There are many ways to use multiples to value a company’s current valuation (e.g. revenue, EBITDA, etc), including the run-rate that has two popular methods:

  1. Annualize the latest quarter of revenue. Take the last quarter/3-months and multiple by 4 to give a yearly amount assuming things stay consistent with the latest quarter.
  2. Annualize the monthly average of the last quarter/3-months. Take the average of the last 3-months and multiple by 12 to give the yearly amount.

Each of these valuation techniques provide additional clarity into the range of values for an early stage startup. However, another critical factor is the potential exit amount for their investment.

Exit Comparables

Early stage investors focus intensely on potential exits for their investments (mergers and acquisitions or with an Initial Public Offering, IPO) as that is the typical method for them to gain liquidity. Let’s look at the three components for an ideal M&A exit comparable (as IPOs have been rare these days):

  1. Totally public information on the exit event. All round level comparables (revenue, EBITDA, etc) along with the details of the acquisition (amount of the exit and for cash, or cash and stock, etc).
  2. The exit comparable is in the same industry and has a similar product with a similar business model.
  3. The stage of the exit comparable is roughly the same as when you expect the company you are valuing to exit.

The ideal M&A exit comparble is rare, but one that matches a few of the criteria listed above is a good start. One complicating factor is that most M&A activity is not public.

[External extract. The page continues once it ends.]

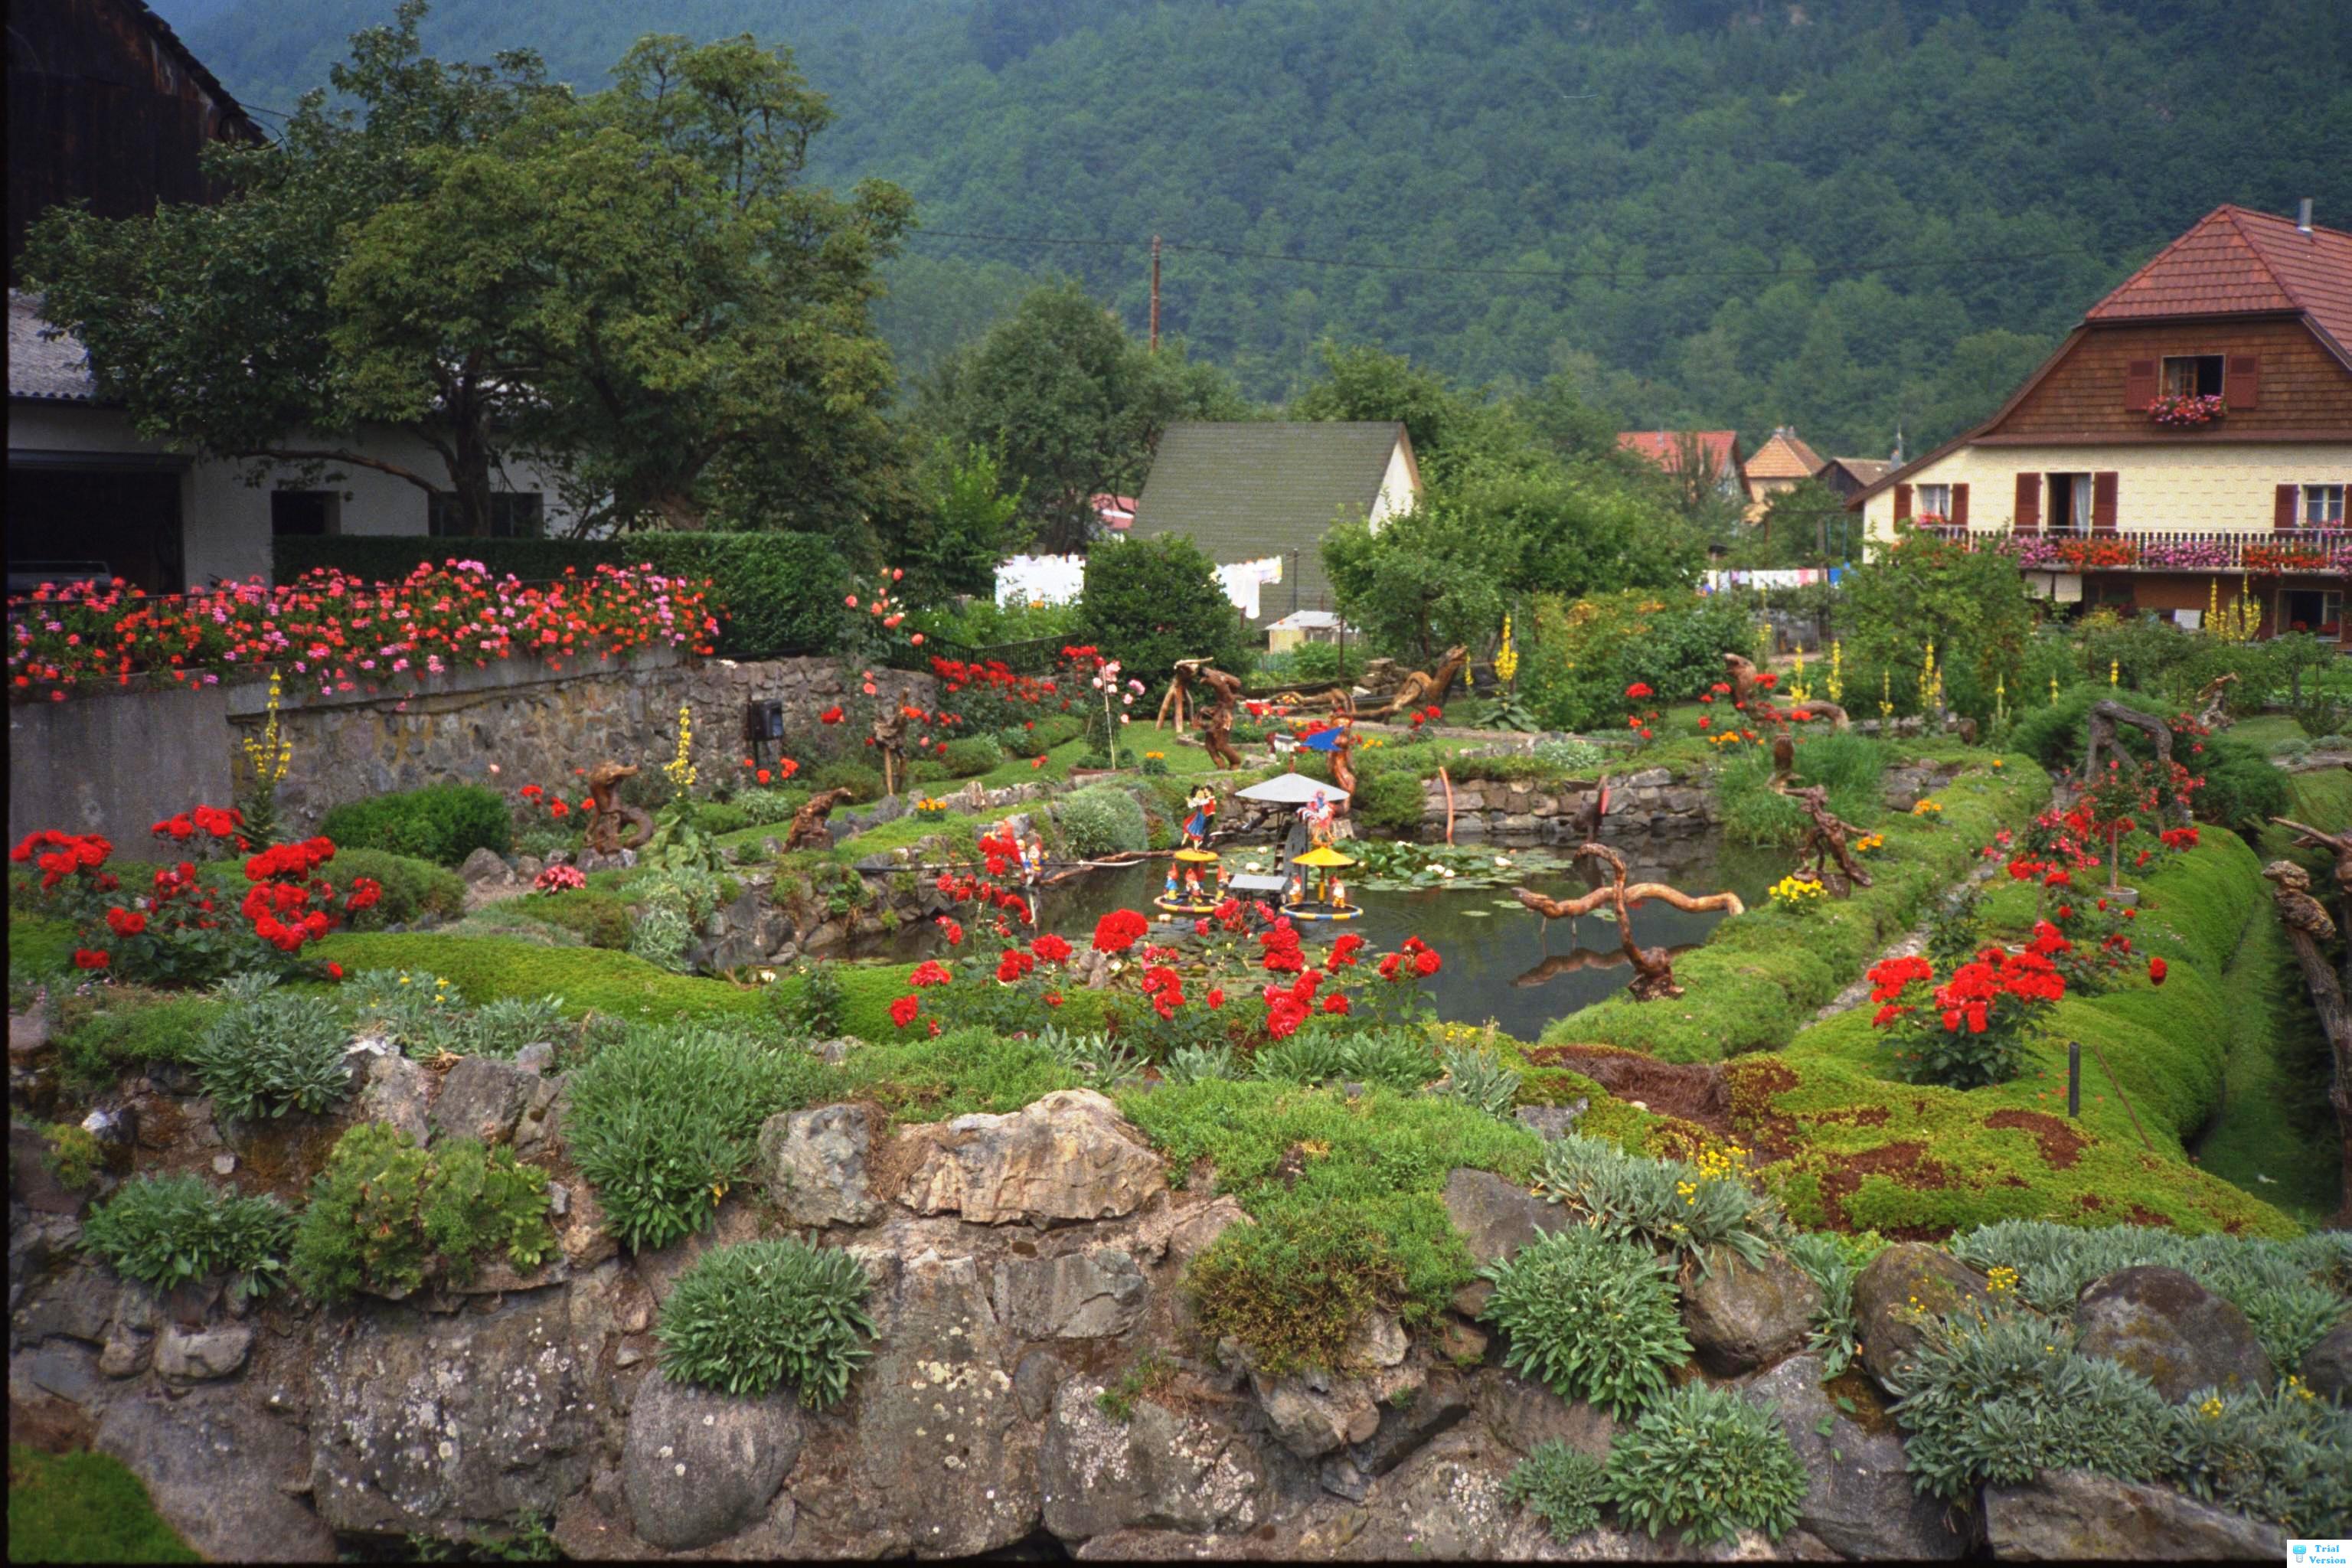 Serious Garden in Alsace

Large companies may acquire many businesses where it is not required for them to disclose all of the details as they are relatively small in size. As an example, Microsoft has acquired numerous companies as listed here. For the larger acquisitions they have a press release sometimes with the terms of the deal. Smaller ones are never discussed.

It is possible to use some metrics from Round Comparables to estimate an exit amount. For example, using the revenue multiples of a similar company with the financial projections for the company being valued is possible. It is normal for the investor to give a “haircut” to the financial projections, meaning a discount.